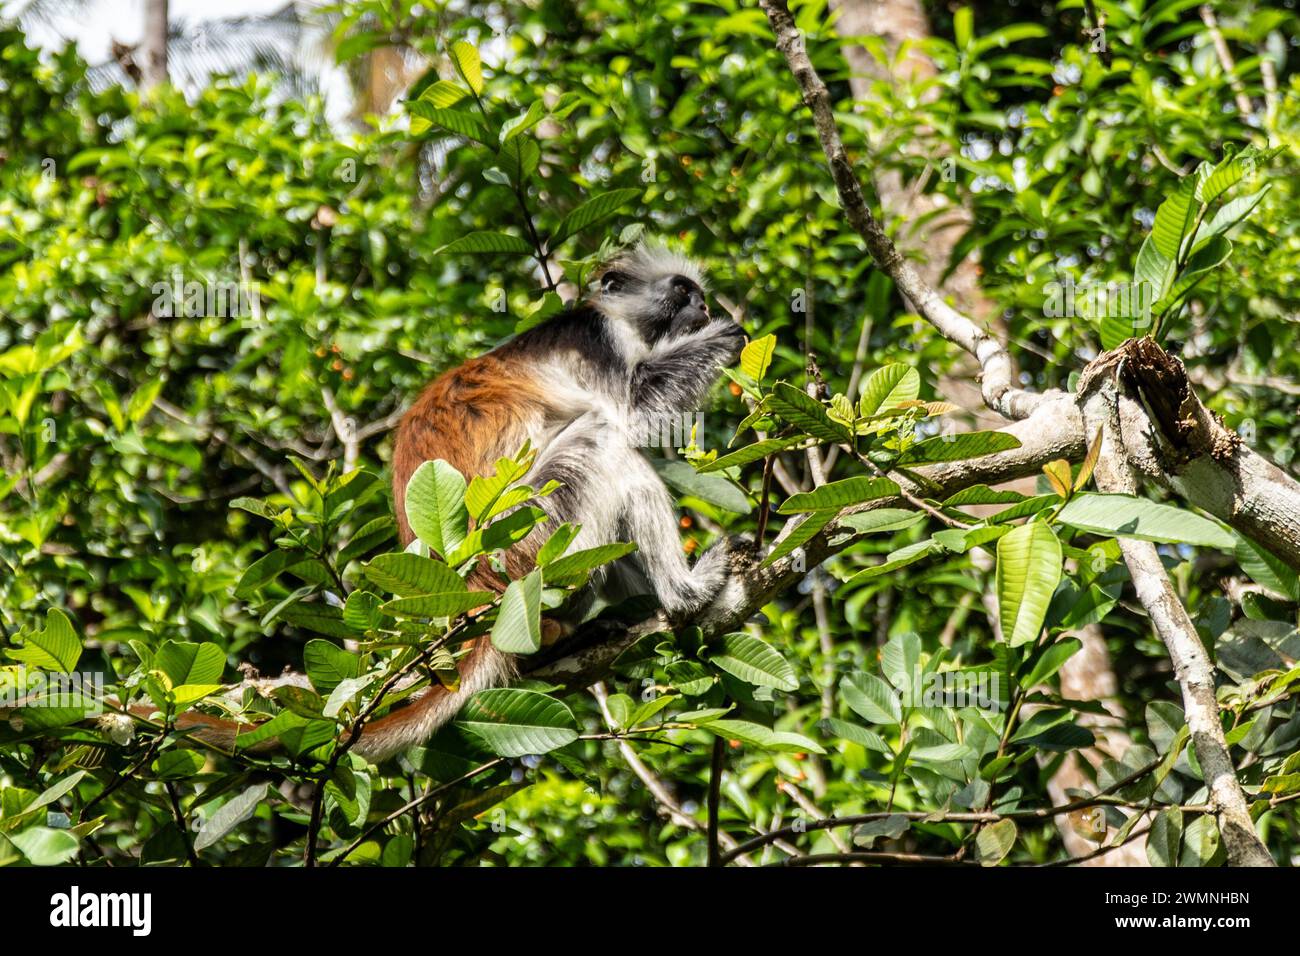 Zanzibar Red Colobus (Piliocolobus kirkii), noto anche come Kirk's Red Colobus, è endemica di Unguja, l'isola principale dell'arcipelago di Zanzibar. T Foto Stock
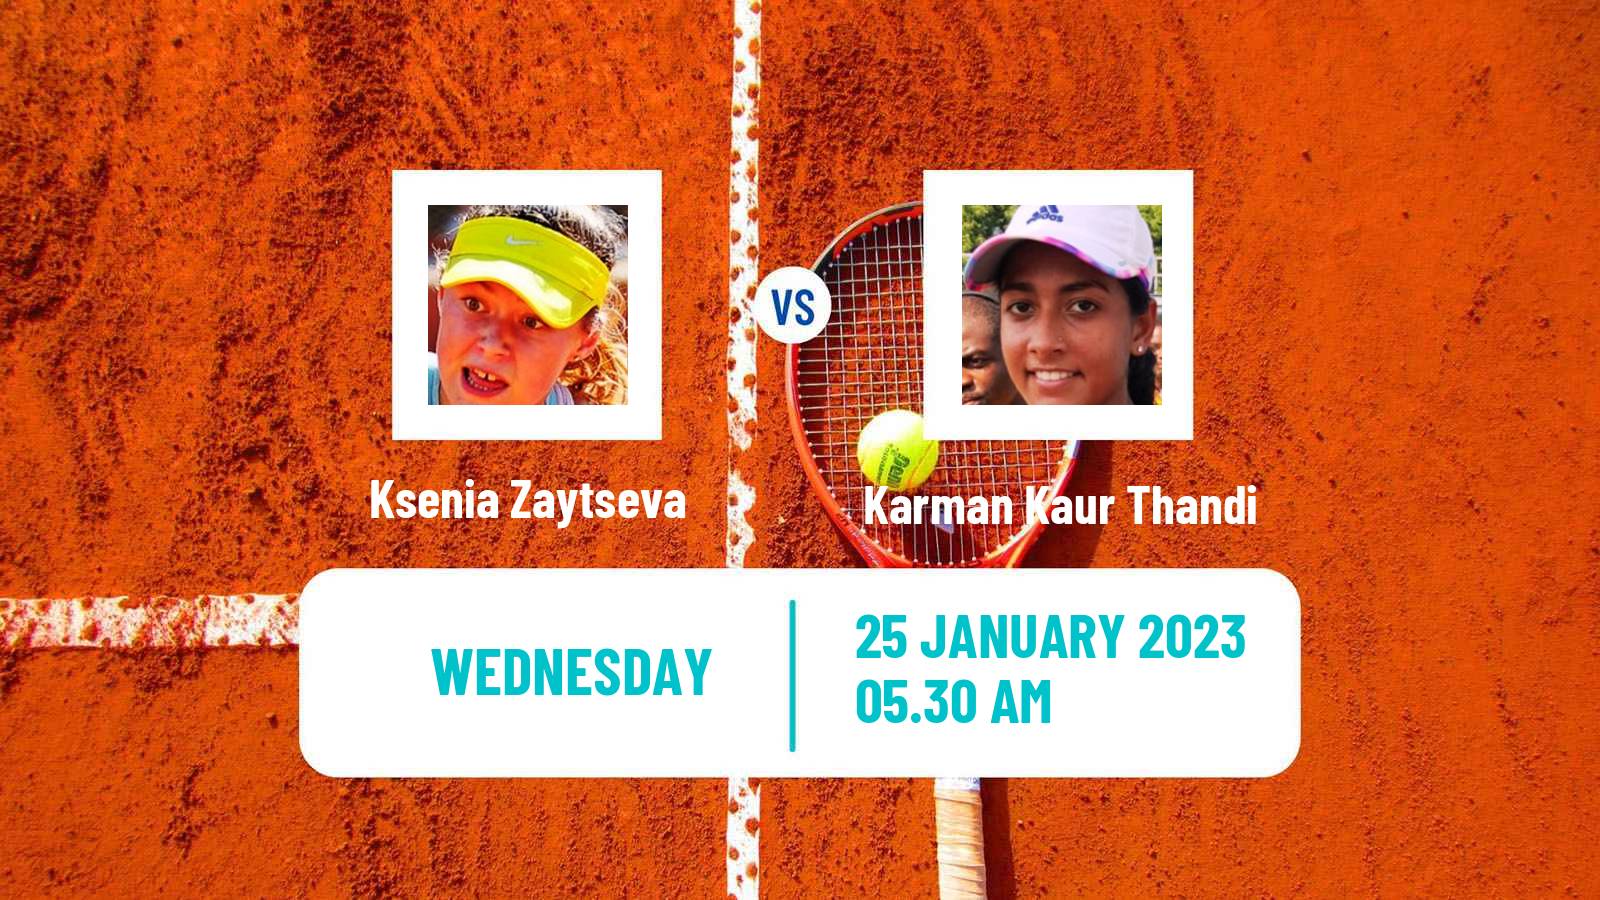 Tennis ITF Tournaments Ksenia Zaytseva - Karman Kaur Thandi
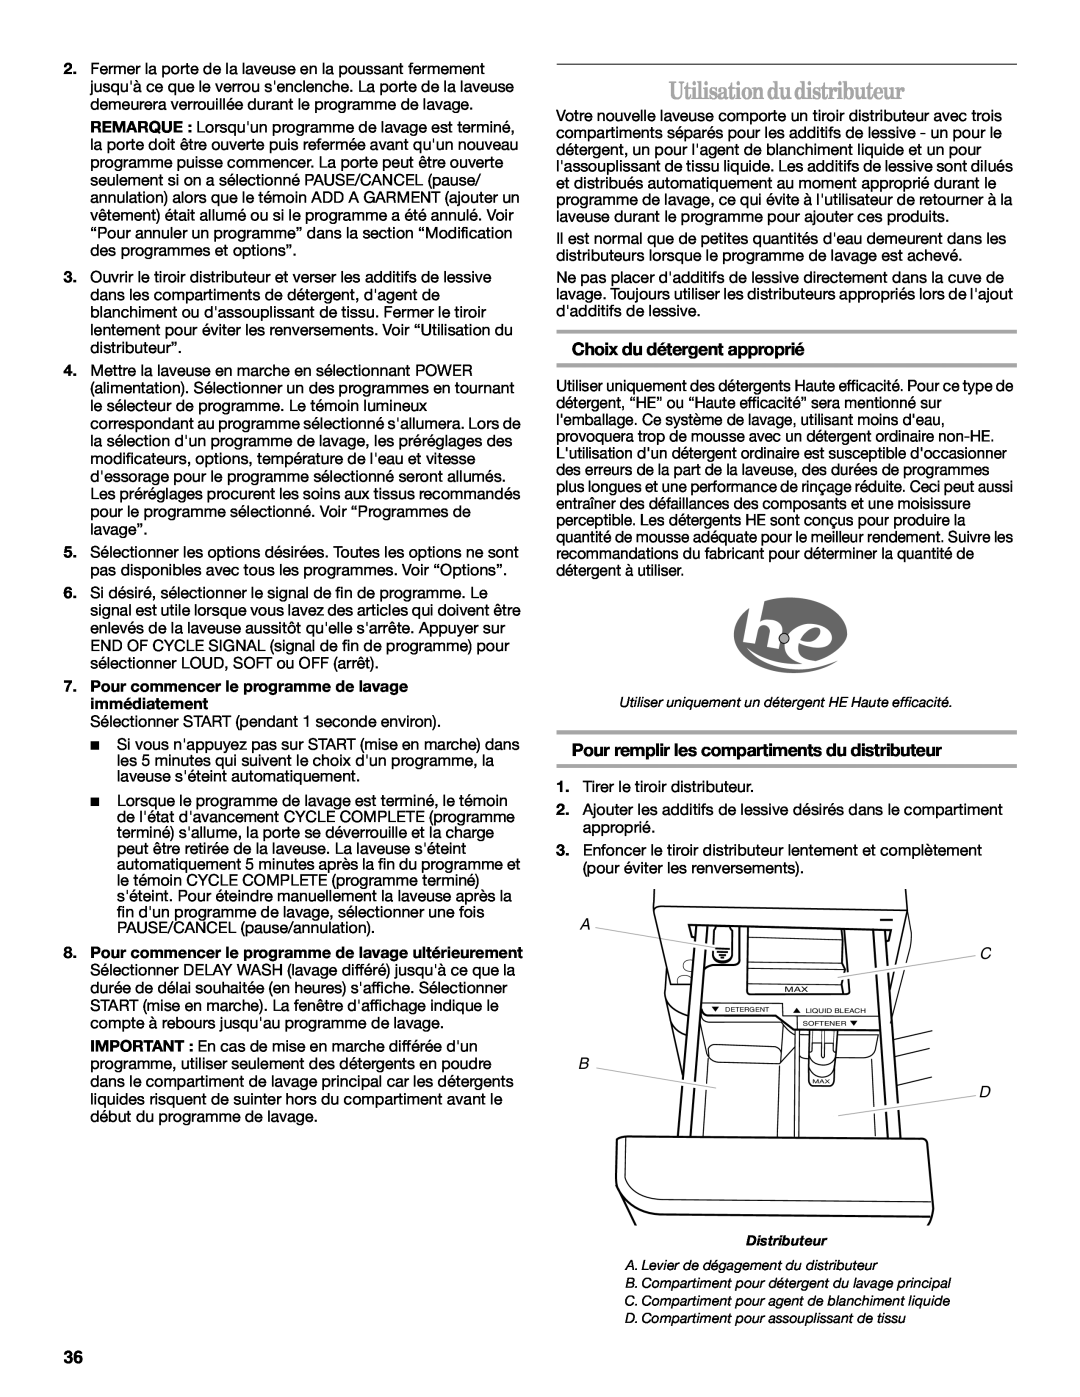 Whirlpool W10063560 manual Utilisationdudistributeur, Choix du détergent approprié 
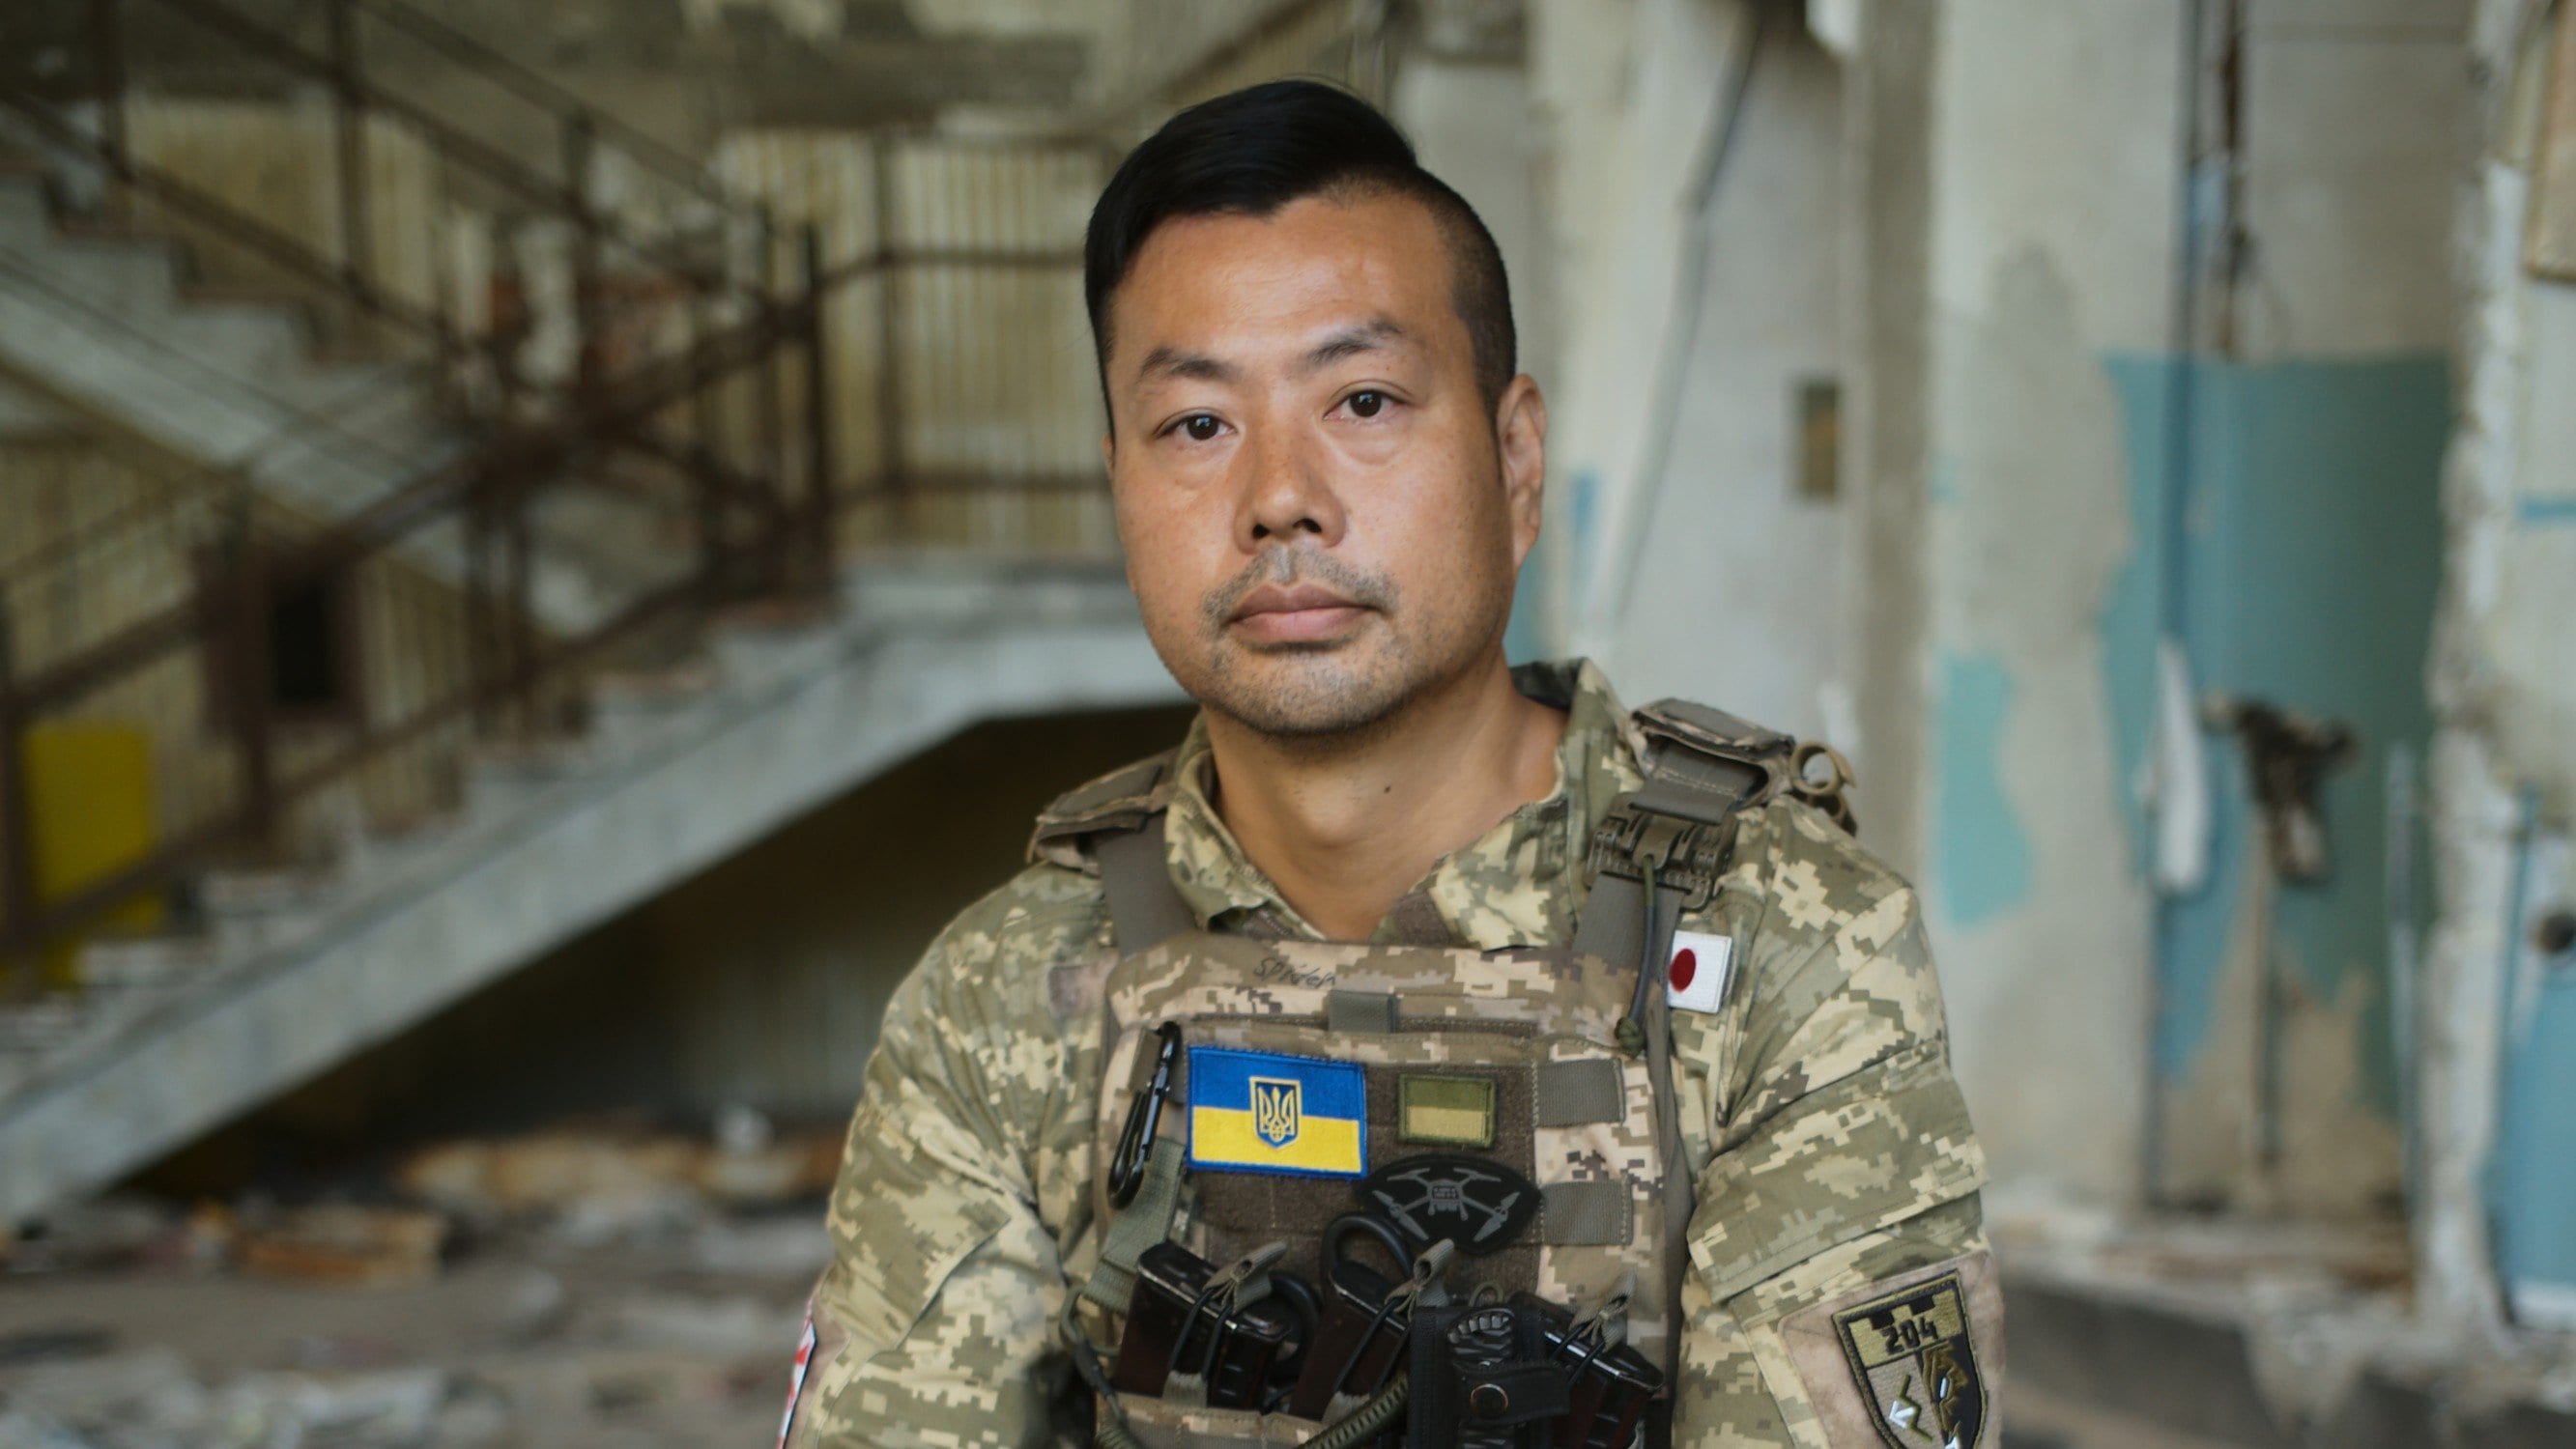 命の対価ともいうべき初任給は7万円…3歳の息子を日本に残し軍歴なしでウクライナ軍に入隊した45歳の日本人義勇兵の肖像
++++++
Exercise directions: Copy nothing but the lines from the line that contains "Tennis ITF Tournaments" through the end of the listing, exactly, and keep pictures out of it.

Response for this exercise:
 Tennis ITF Tournaments Ksenia Zaytseva - Karman Kaur Thandi
 Whirlpool W10063560 manual Utilisationdudistributeur, Choix du détergent approprié 
 命の対価ともいうべき初任給は7万円…3歳の息子を日本に残し軍歴なしでウクライナ軍に入隊した45歳の日本人義勇兵の肖像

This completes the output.